Task goal —
Your answer must be the exact lines below, starting with the line with "Діти Львівщини присвятили" and going on through the line with "Boonah Health Virtual Tour", both included, with no pictures.

Material to process —

---

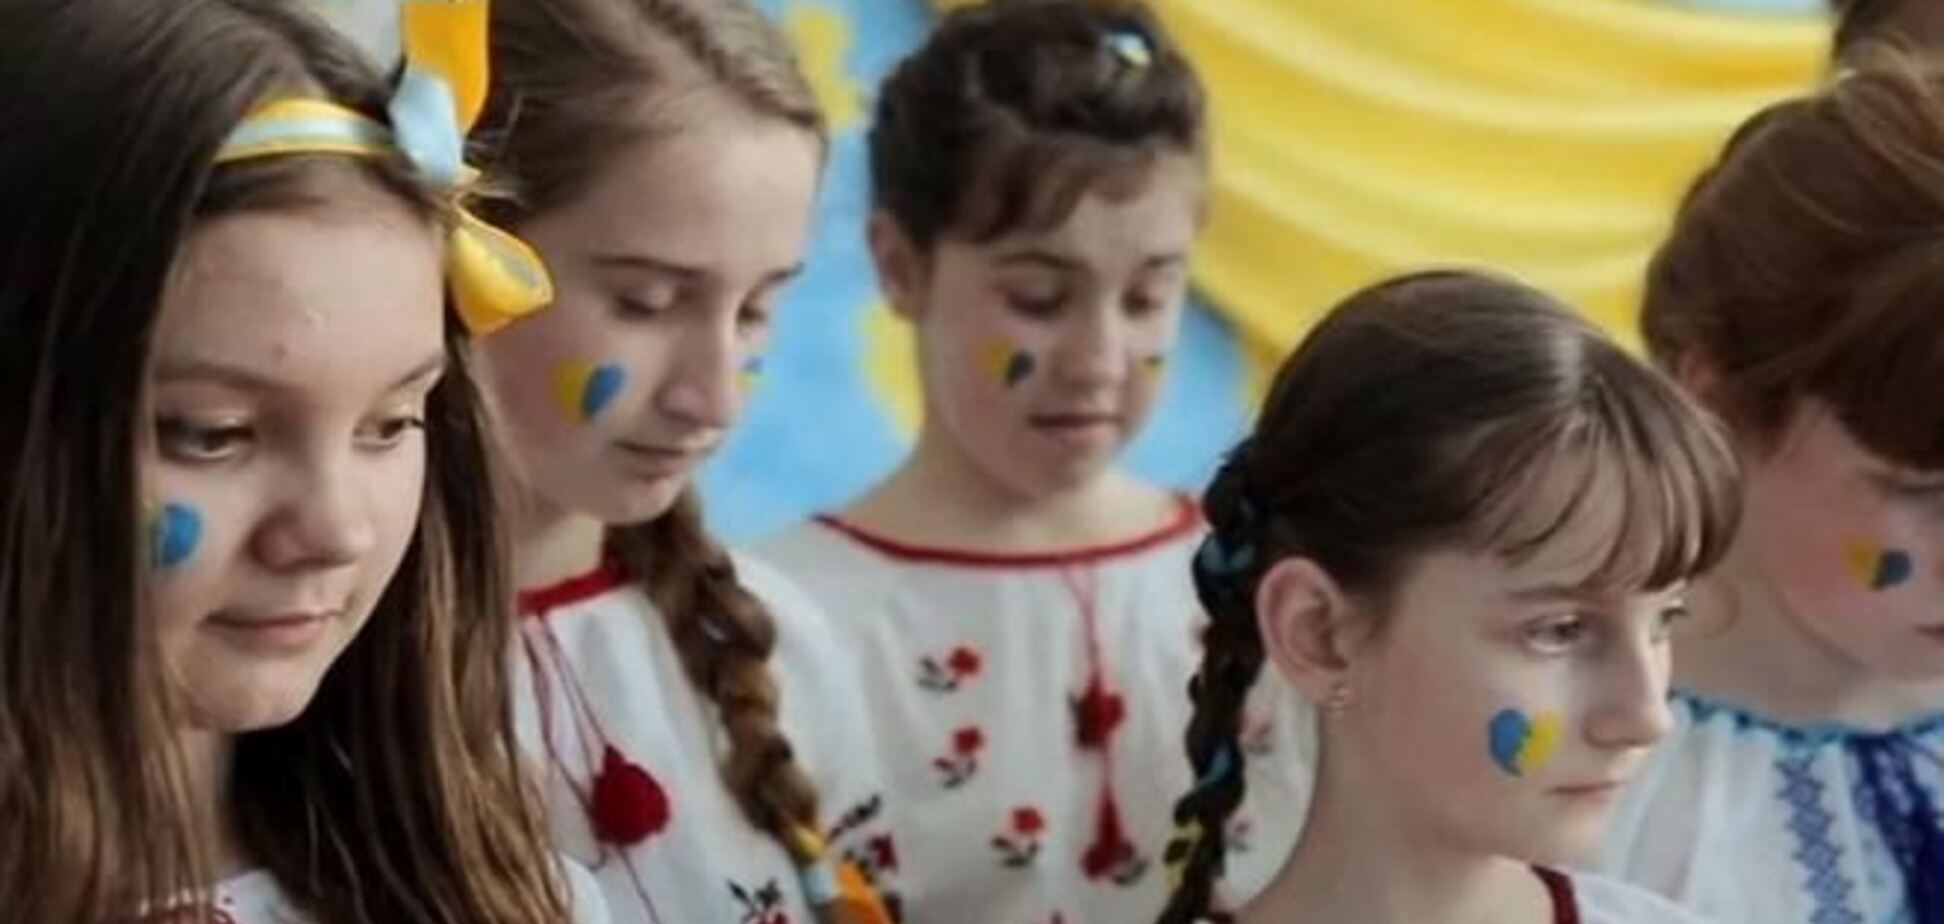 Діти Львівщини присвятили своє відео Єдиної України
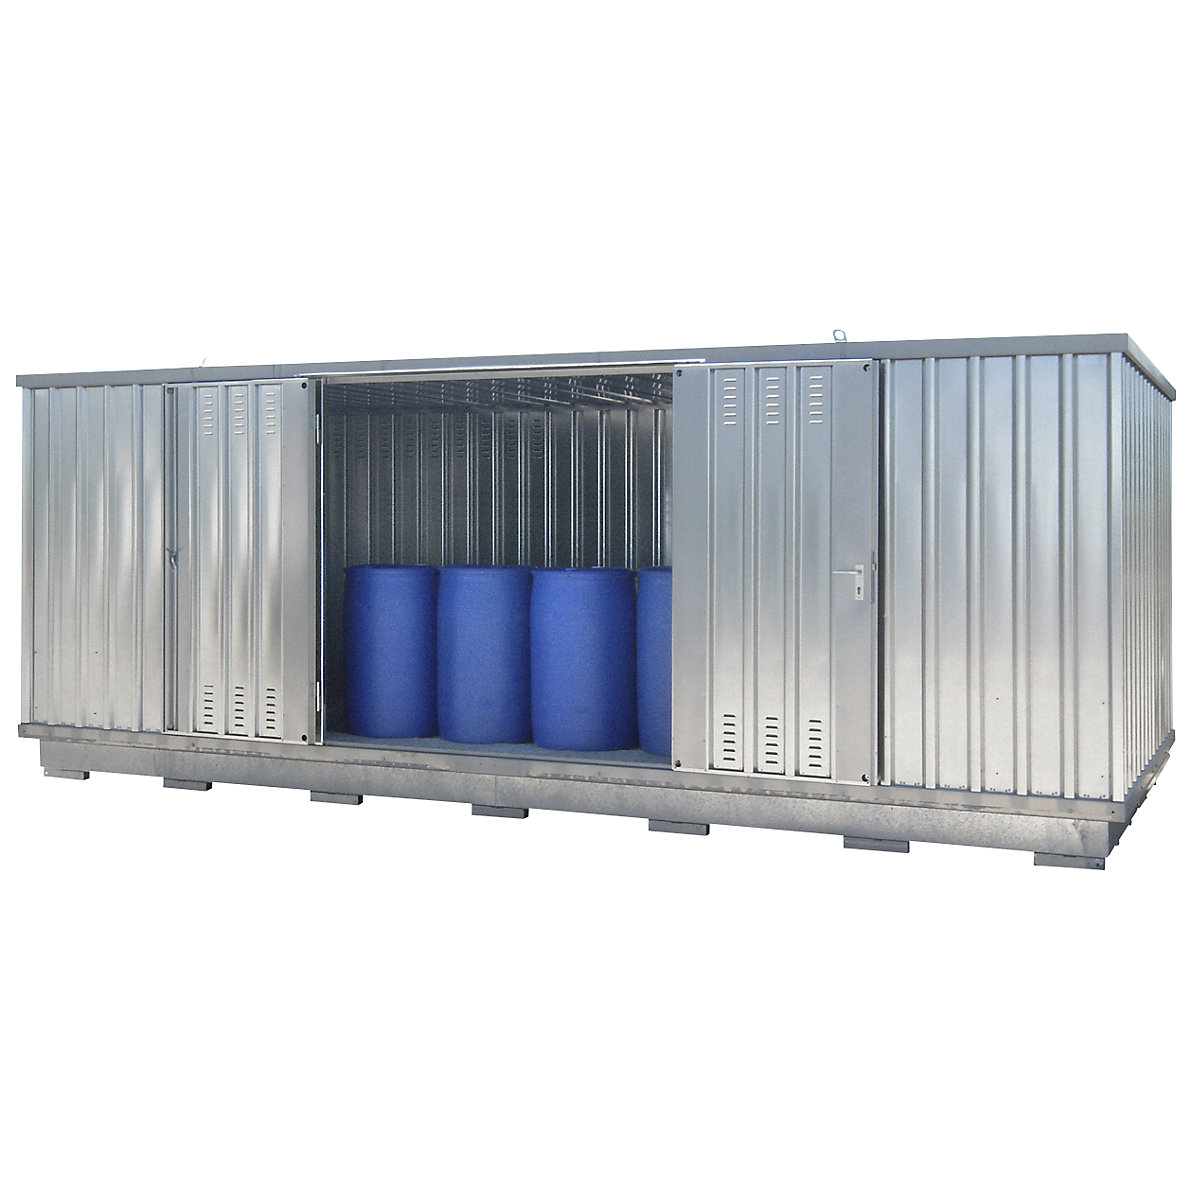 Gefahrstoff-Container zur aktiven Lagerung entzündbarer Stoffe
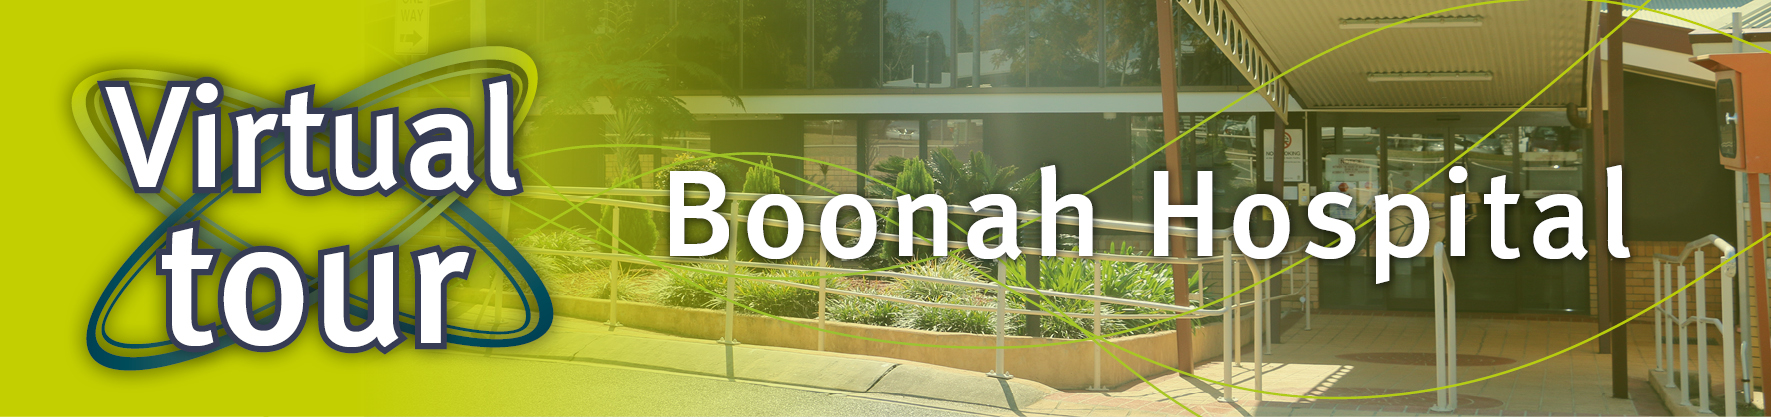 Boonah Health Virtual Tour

---

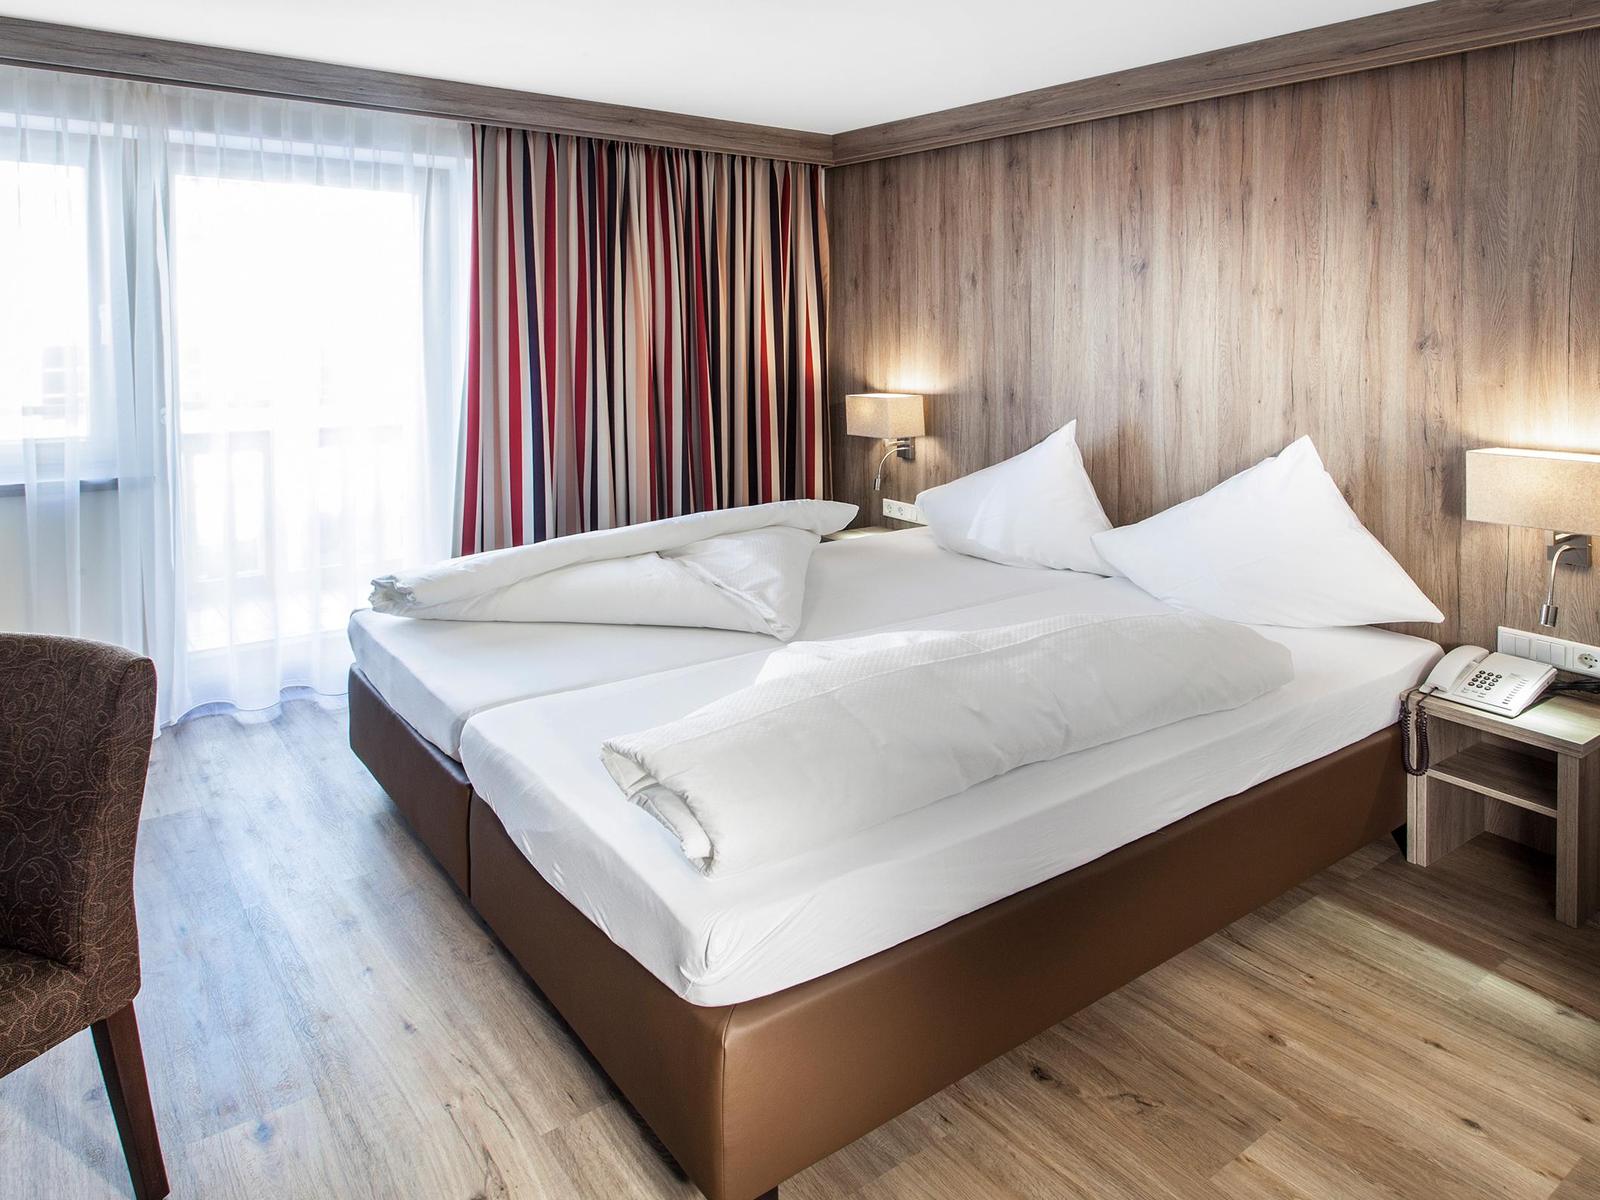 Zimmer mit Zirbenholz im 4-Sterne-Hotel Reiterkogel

---

Final answer —
 Діти Львівщини присвятили своє відео Єдиної України
 Gefahrstoff-Container zur aktiven Lagerung entzündbarer Stoffe
 Boonah Health Virtual Tour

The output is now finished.